Barbie at Los Alamos
I finally saw Barbie this weekend (spoiler alert: I don’t know the last time I laughed so often or so loud or so knowingly at the movies) so I have to jump into the Barbenheimer pool, not (just) as a zeitgeist coattail grabber, but because looking at my bookshelves, I saw some of my key book-collecting interests - kids lit, dolls and ephemera - have intersected with this moment in pop culture history. Welcome to “Barbie and Friends” vs the “Los Alamos Rolodex”.
First up, this series of Barbie books “Barbie and Friends Book Club”, published in 1999 featuring the real fashion doll posed in a variety of landscapes and scenarios.
Photographically illustrated books have a long history, including in the world of children’s books but the Dare Wright books about The Lonely Doll remain the high water mark for me. Read more about Dare Wright here and here, but let’s be clear: the Barbie books are not Lonely Doll quality. I found the whole series in a thrift store but I only bought the most intriguing titles because true to the doll, Barbie holds a number of jobs in these books: camp leader, Broadway producer, elementary teacher, textile art appreciator, and above all, a Nancy-Drew style mystery solver.
A Stitch in Time: When Barbie visits her friend Mary on a historic island…Mary shows her an old family quilt filled with clues to the past. Barbie as a textile artist!
The Class Act: Being the new kid isn’t easy. But Jane has Barbie as her fifth-grade teacher…
Clawman’s Warning: Camping with Barbie in scenic Wyoming is an adventure for Stacie and her friends. But when rumors of the legendary Clawman creature start making everyone jittery, it’s up to Barbie and park ranger Ken to get to the bottom of the spooky legend.
Miniature library sets! Replica fabric stores! Barbie in practical teachers' wear! You see why I had to buy them. The photographers must have had the most fun on this hack job.
Now for the -Enhemier portion of our post.
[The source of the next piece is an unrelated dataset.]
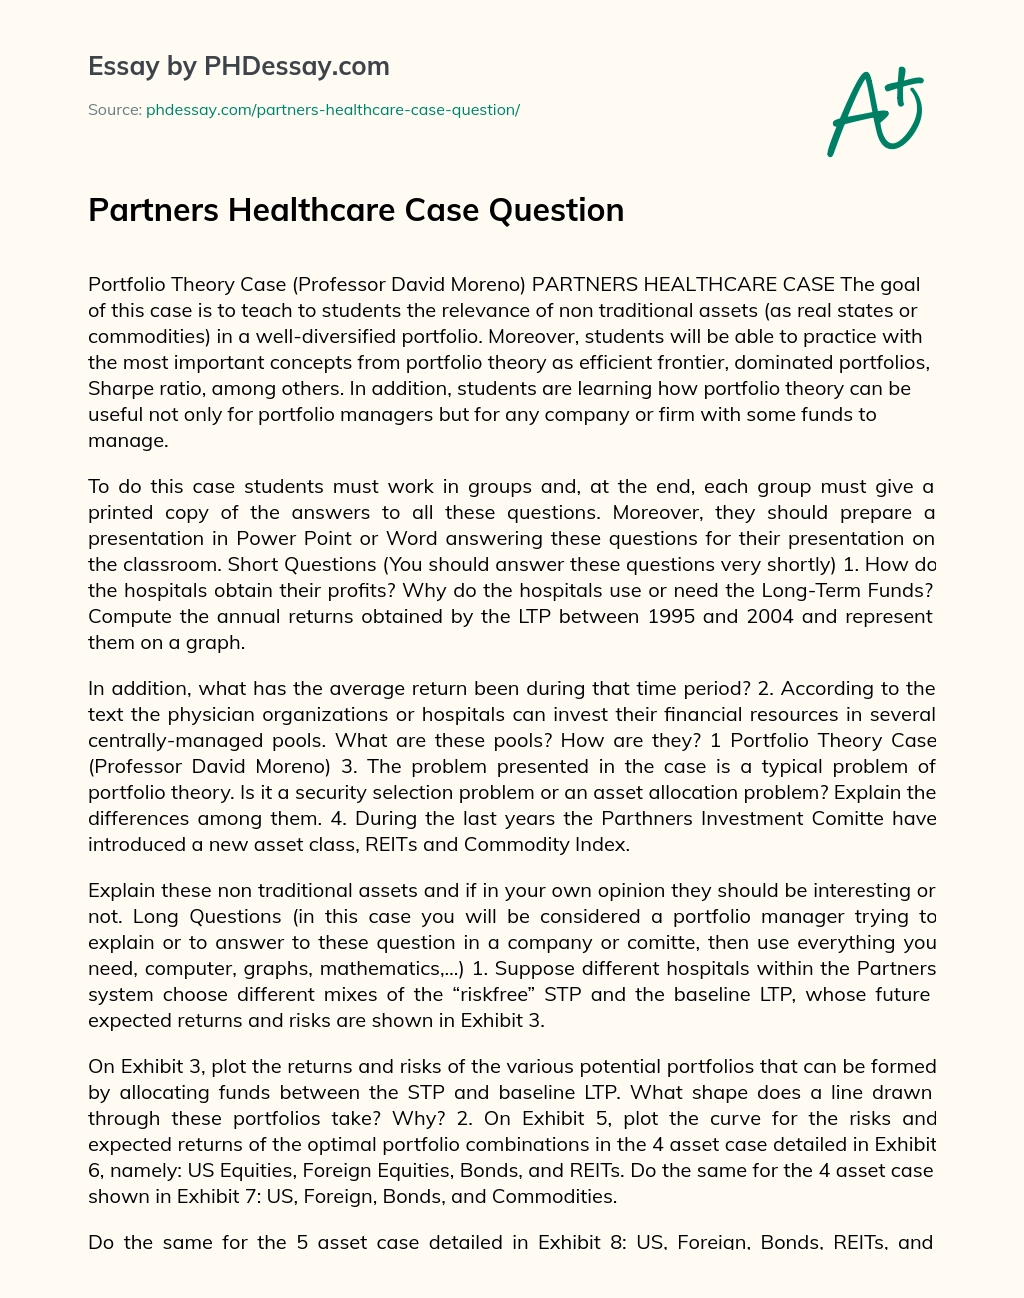 Partners Healthcare Case Question essay
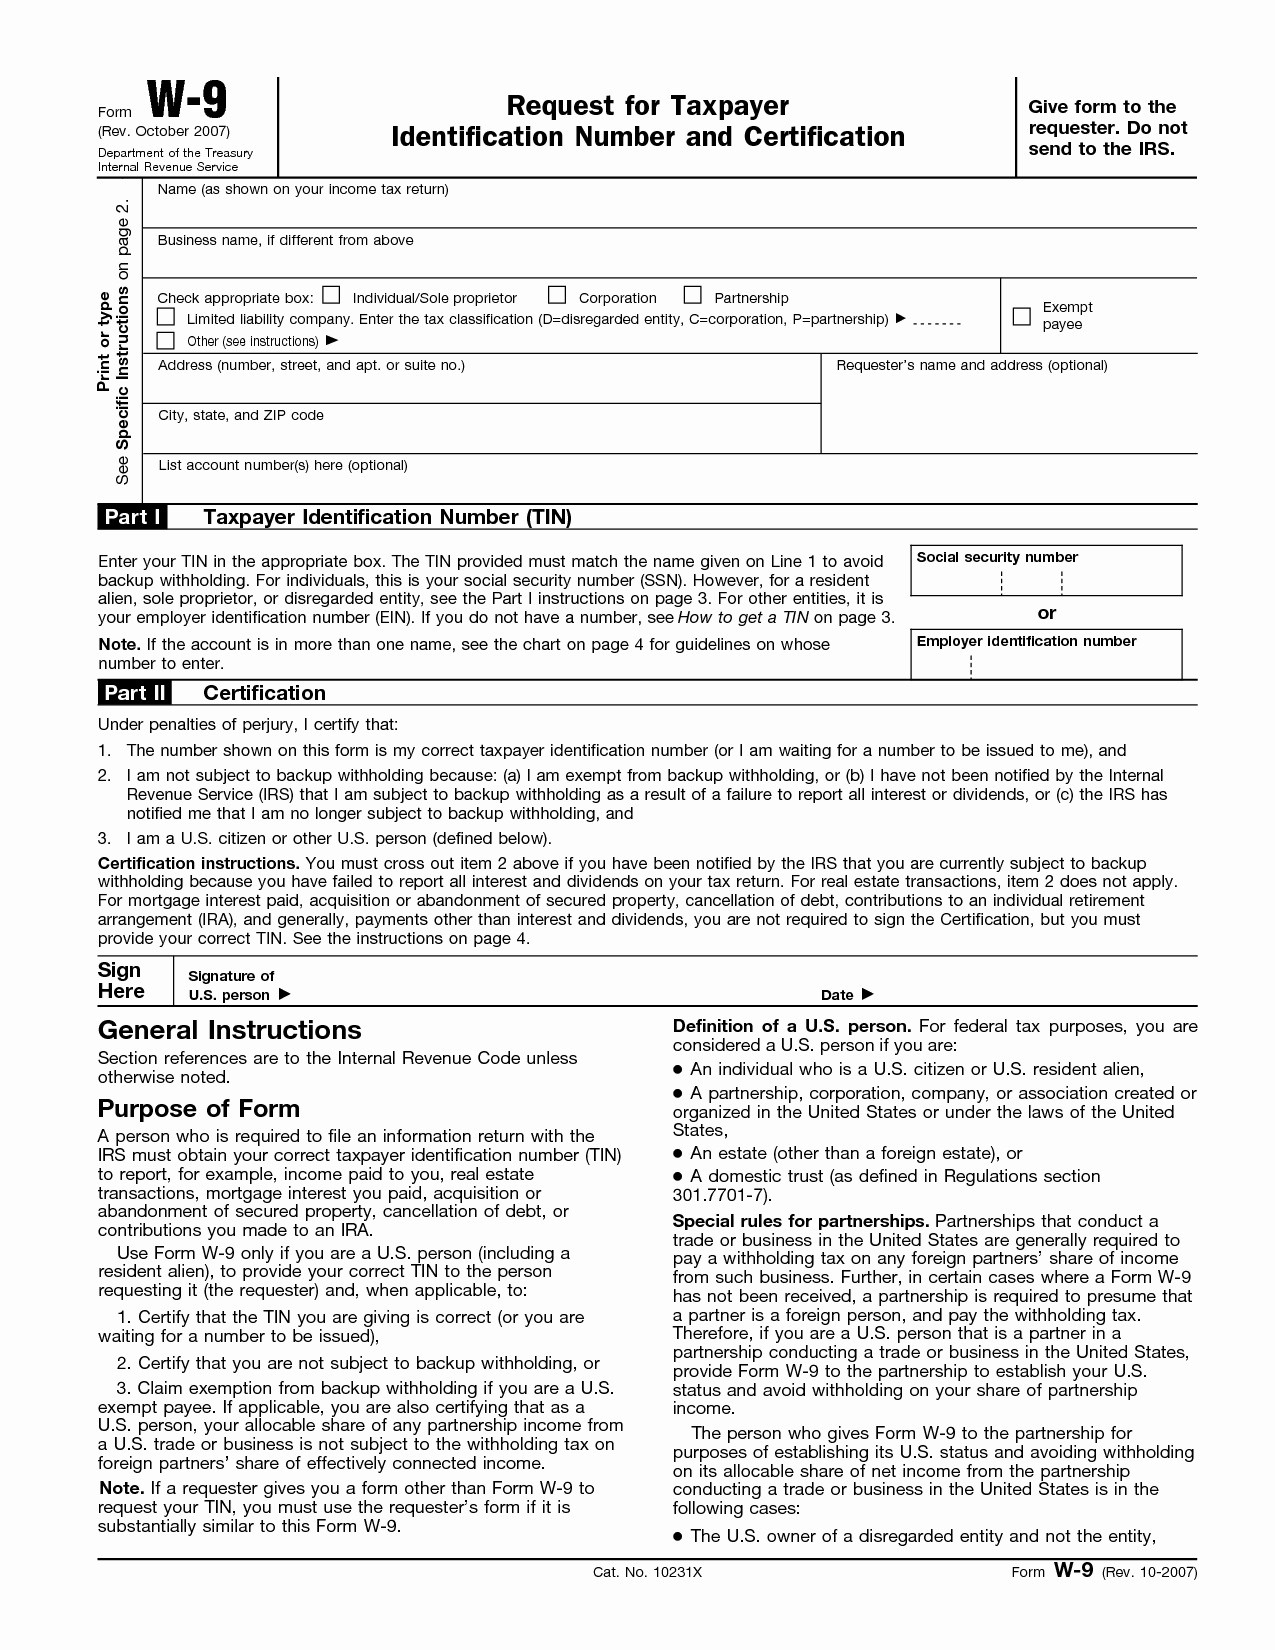 Form W 9 Wikipedia W9 Free Printable Form 2016 Free Printable

Los Alamos Rolodex: Doing Business with the National Lab 1967-1978 was a souvenir from the one time I visited Los Alamos and their History Museum, a winding mountainous drive from Albuquerque with my in-laws. I was most struck by the remoteness of the town and the way the scientists and their families had to construct a community away from their own cities and countries and any semblance of normal life, trading it for changing the world in a top-secret atmosphere. I hope the movie addresses the building of the community, but fear it won’t. In the museum, I was glad to see there was one small corner that allowed for a dissenting POV, from Peace activists or anti-nuclear groups, handmade posters vs the glossy paraphernalia of the US Government.
In the gift shop, I bought this book, published by The Center for Land Use Interpretation (their mission is so good) and it is exactly what it says it is: the photographed contents of seven rolodexes collecting the business cards and the “record of the companies and people that supplied goods and services to the nuclear industry”(p.8). They hold quotidian details of phone numbers and people’s names next to the Atomic Age elegance of the logos and designs, all engaged in ensuring we could blow things up real good and make a buck doing it.
What did “VacuBlast Corporation” do, anyway? Or Pulverizing Machines?
The photo business cards of the Eastman Kodak corporation remind us how influential and wealthy Kodak once was.
The photos of the cards are published one to a page, no commentary, allowing us to read our own meaning into the assemblage and the quotidian strangeness of the nuclear economy. As I said, I haven’t seen the movie yet but I suspect the Oppenheimer makers won’t afford us quite the same space and respect for our own conclusions.
Update Bonus Oppenheimer You-Won’t Like-This- Review: On a rainy night in Wellington, NZ, we went to see Oppenheimer at the Lighthouse Cinema and maybe it was just being North Americans in another country, one that has been nuclear-free for many years, but this movie felt so AMERICAN [who cares about a Cabinet appointment hearing when politics has become a total joke in the US], so MALE [what were those sex scenes with Florence Pugh about??] and so NOT NEW MEXICAN, and it was melodramatic bordering on farce to me. Left so grumpy and embarrassed that this is the dross people in the rest of the world are forced to absorb about the USA. Barbie is a better ambassador.